Modern deception solutions also conceal the real stuff attackers want — files, folders, data, credentials, mapped drives, removable storage devices, and even the network itself. Detection of these assets indicates that an attack is underway and can trigger alerts from other security controls.
These deception assets can be deployed at the perimeter, on endpoints, in Active Directory, and the network itself and offer coverage of often-neglected blindspots. By reducing the number of false positives and the time it takes to detect an adversary, deception can significantly minimize attacker dwell time and allow defenses to stop attacks before they become catastrophic. Deception augmentation technology can also enhance the detection of the human element by targeting an attacker’s goals and providing richer context about what they’re up to.

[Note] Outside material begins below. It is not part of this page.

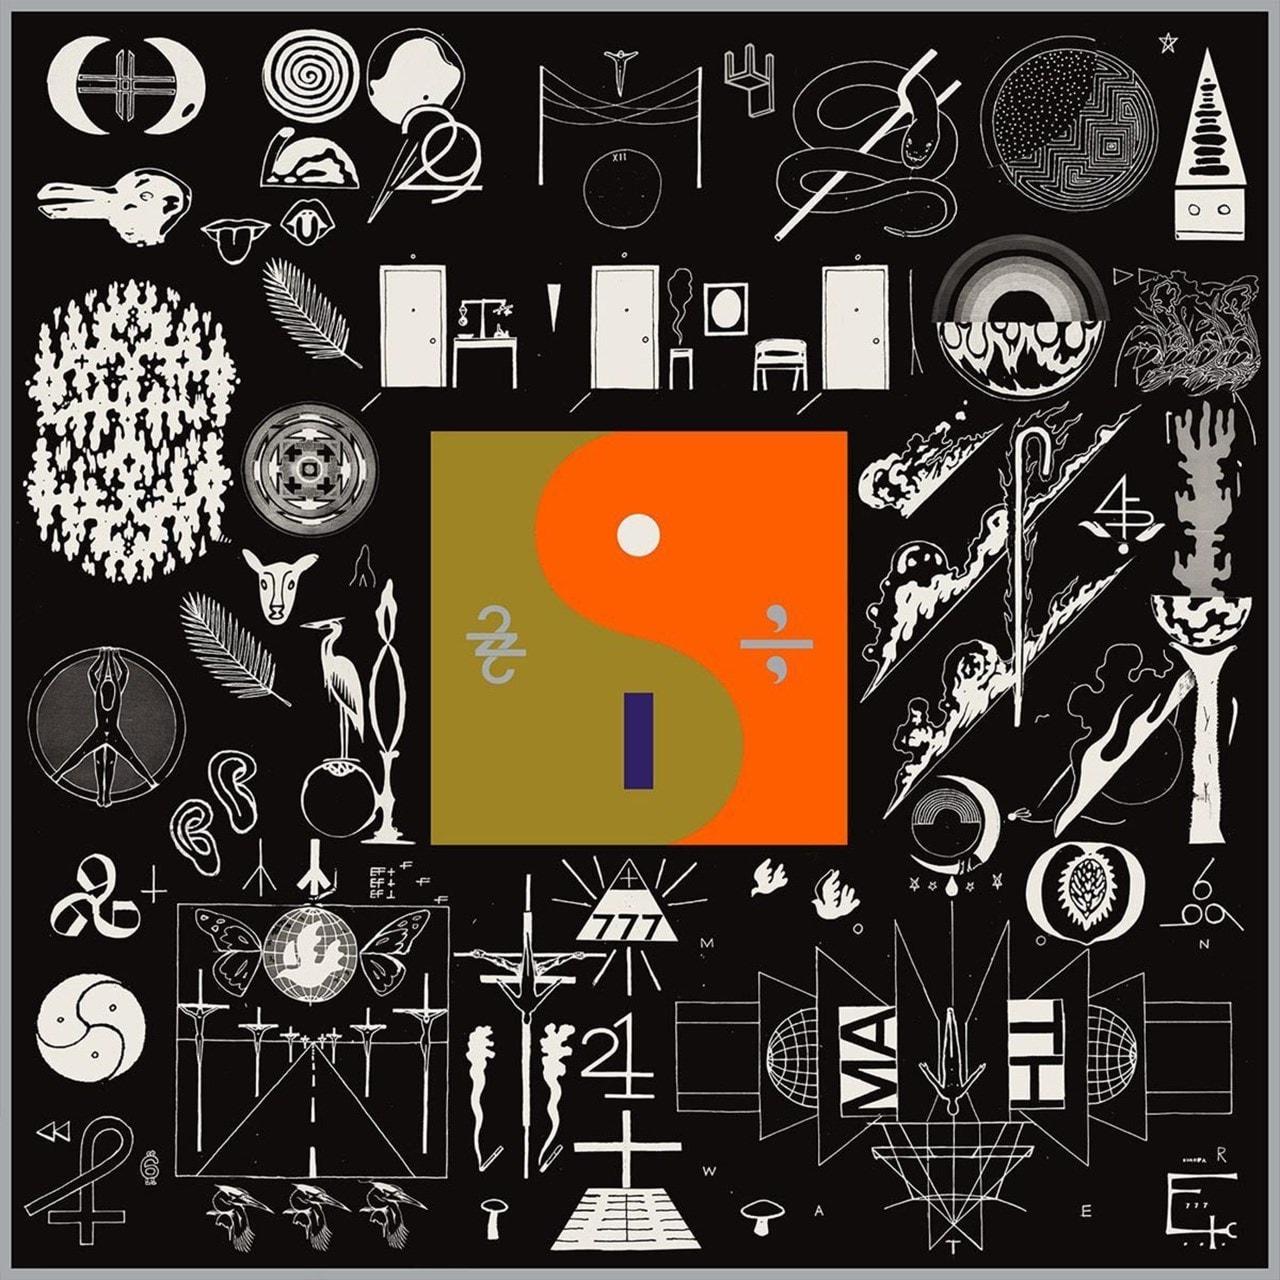 22, a Million - 1

Reduces Dwell Time on the Network
The longer cybercriminals dwell in your network, the more likely they will steal sensitive information or pull off a financial heist. Deception technologies shorten attack dwell time by identifying and catching attacks at the most vulnerable stages.

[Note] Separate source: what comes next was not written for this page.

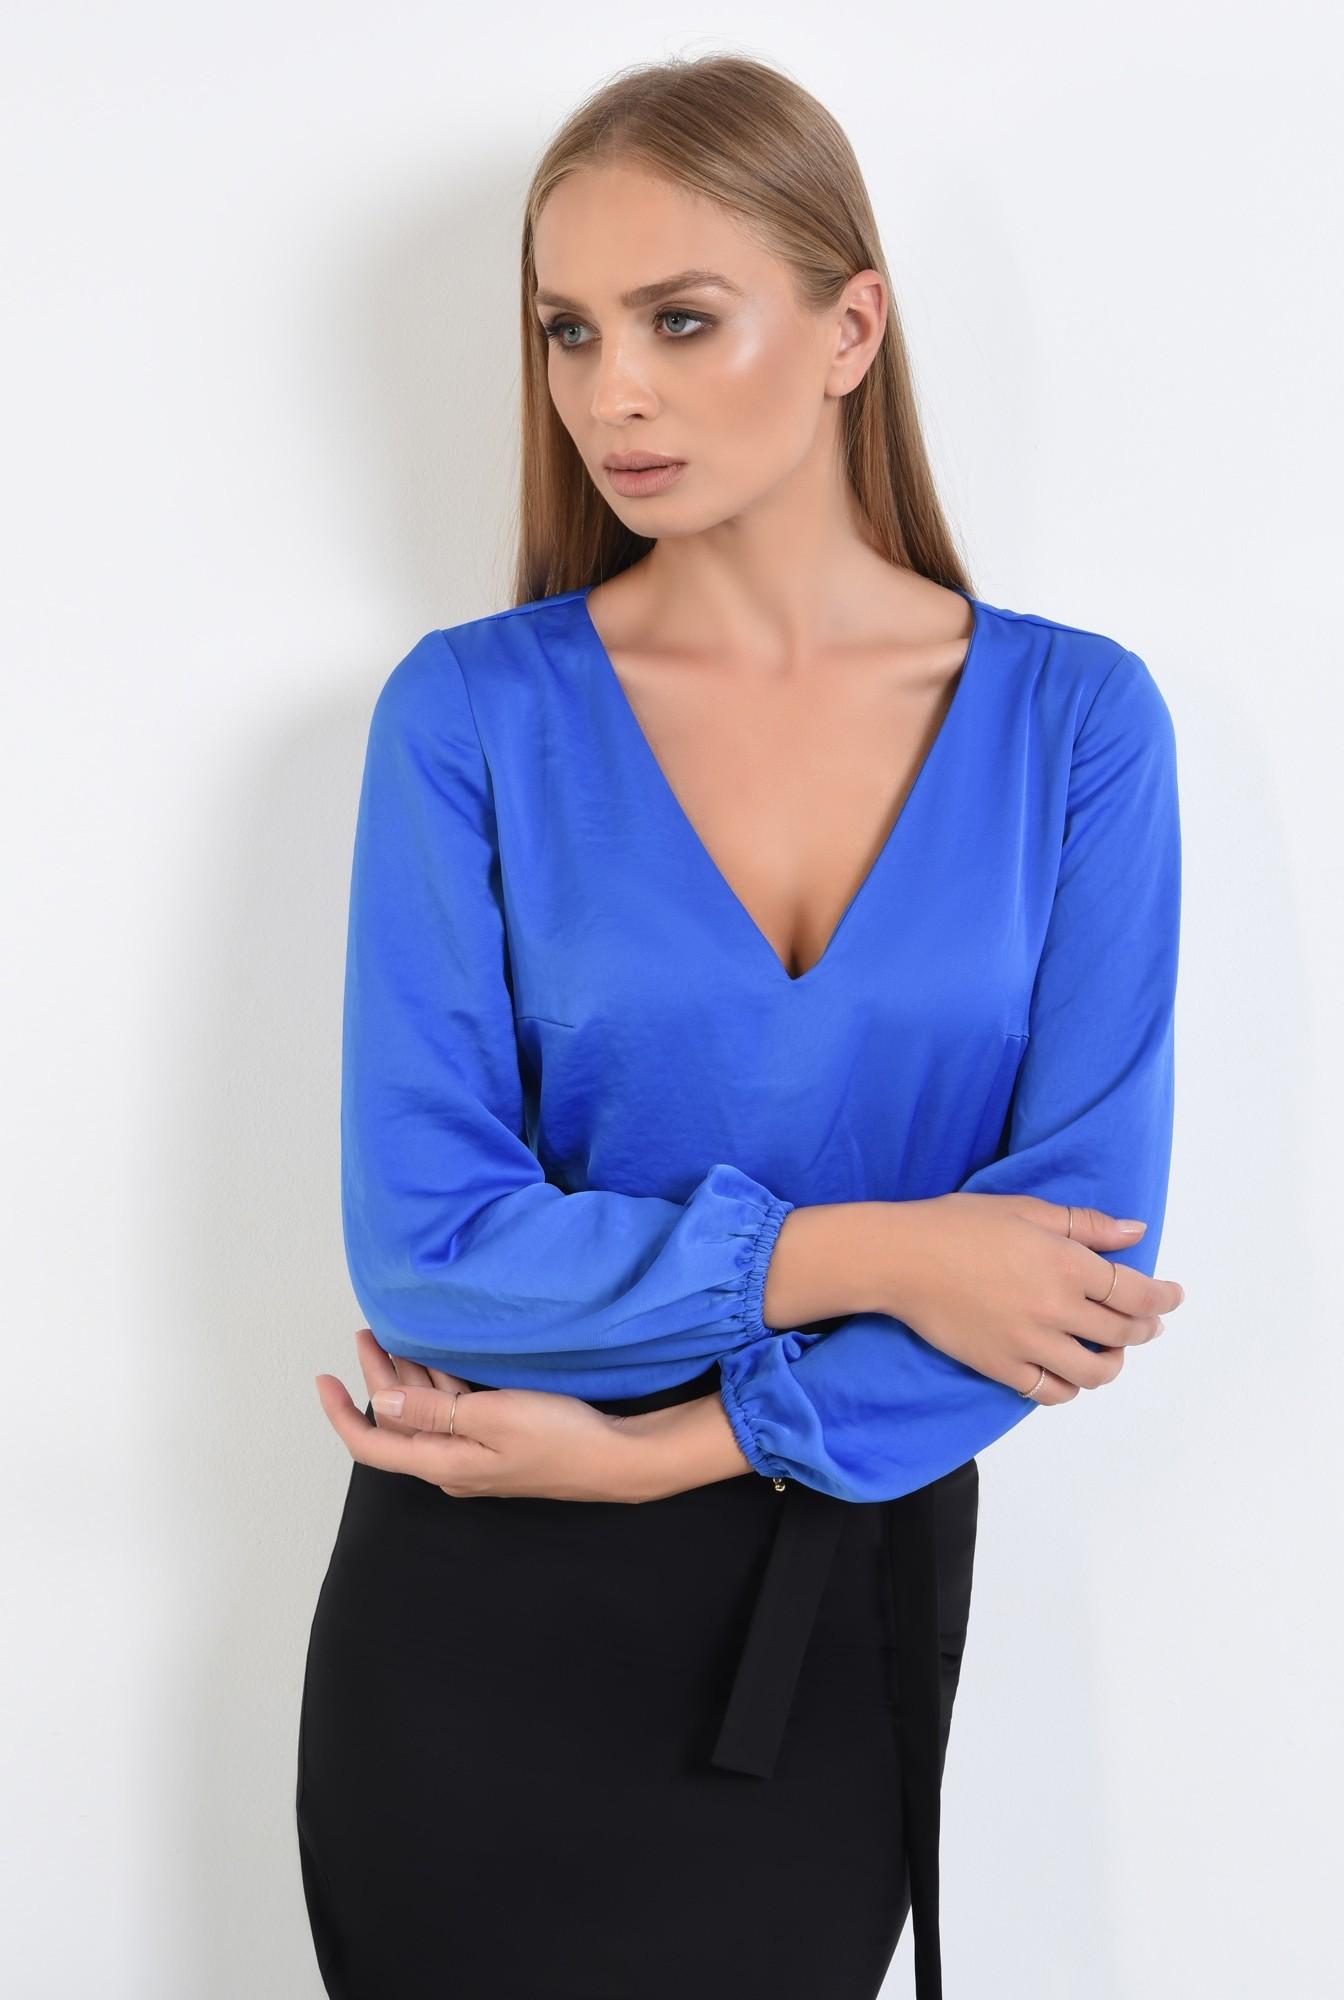 2 - bluza office cu anchior, tesatura satinata, bluze online

This is because deception identifies attackers by intent, not by their known signatures. By creating decoy systems, files, and applications enticing an attacker — but that no legitimate user would ever need or want to access – deception technology detects anomalous attack behavior. It can then pinpoint the proverbial needle in the haystack by tracing back from the decoy asset to the attacking attacker, providing the intelligence needed to take the appropriate next step (often remediation).
Unlike many security tools that produce numerous low-confidence alerts that waste time for SOC teams, deception deployments generate only high-confidence signals. This allows SOC teams to prioritize and fine-tune correlation and alerting in their SIEM, reducing the time they need to validate each alert. Moreover, since deception technology does not trigger false positives, it frees up personal hours that can be spent on other important security functions like threat hunting and automated response. This significantly reduces your Mean Time to Know (MTTK). In some cases, we’ve seen MTTK fall into single-digit minutes.
Cyber attackers attempt to gain unauthorized access to networks, systems, and software and move laterally within the enterprise. Often, this is done undetected. Deception technology mimics the environment, enticing attackers to interact and giving security teams time to detect attacks and gain insight into their tactics and techniques (TTPs).
Unlike traditional anomaly detection and intrusion detection/prevention systems, which use signatures or susceptible machine learning algorithms to trigger network events, deception technologies are designed to lure and misdirect attackers. This allows for generating high-fidelity alerts packed with meaningful data without risk to the network or other assets. The signs can be prioritized, and the correlation and threat intelligence can be refined at the SOC to reduce false positives and dead ends.
In a game of odds, the defender must be right 100% of the time, and the attacker only has to be right once. When the adversary interacts with deception assets, an alert is triggered, and the attack is thwarted. Depending on the deception platform, these deceptive assets include lures on endpoints, breadcrumbs in the network layer, and baits in stored data. These can identify reconnaissance, lateral movement, and other common attack paths. Reducing the response gap means that threats can be detected and stopped more quickly, saving critical information and mitigating a business disruption.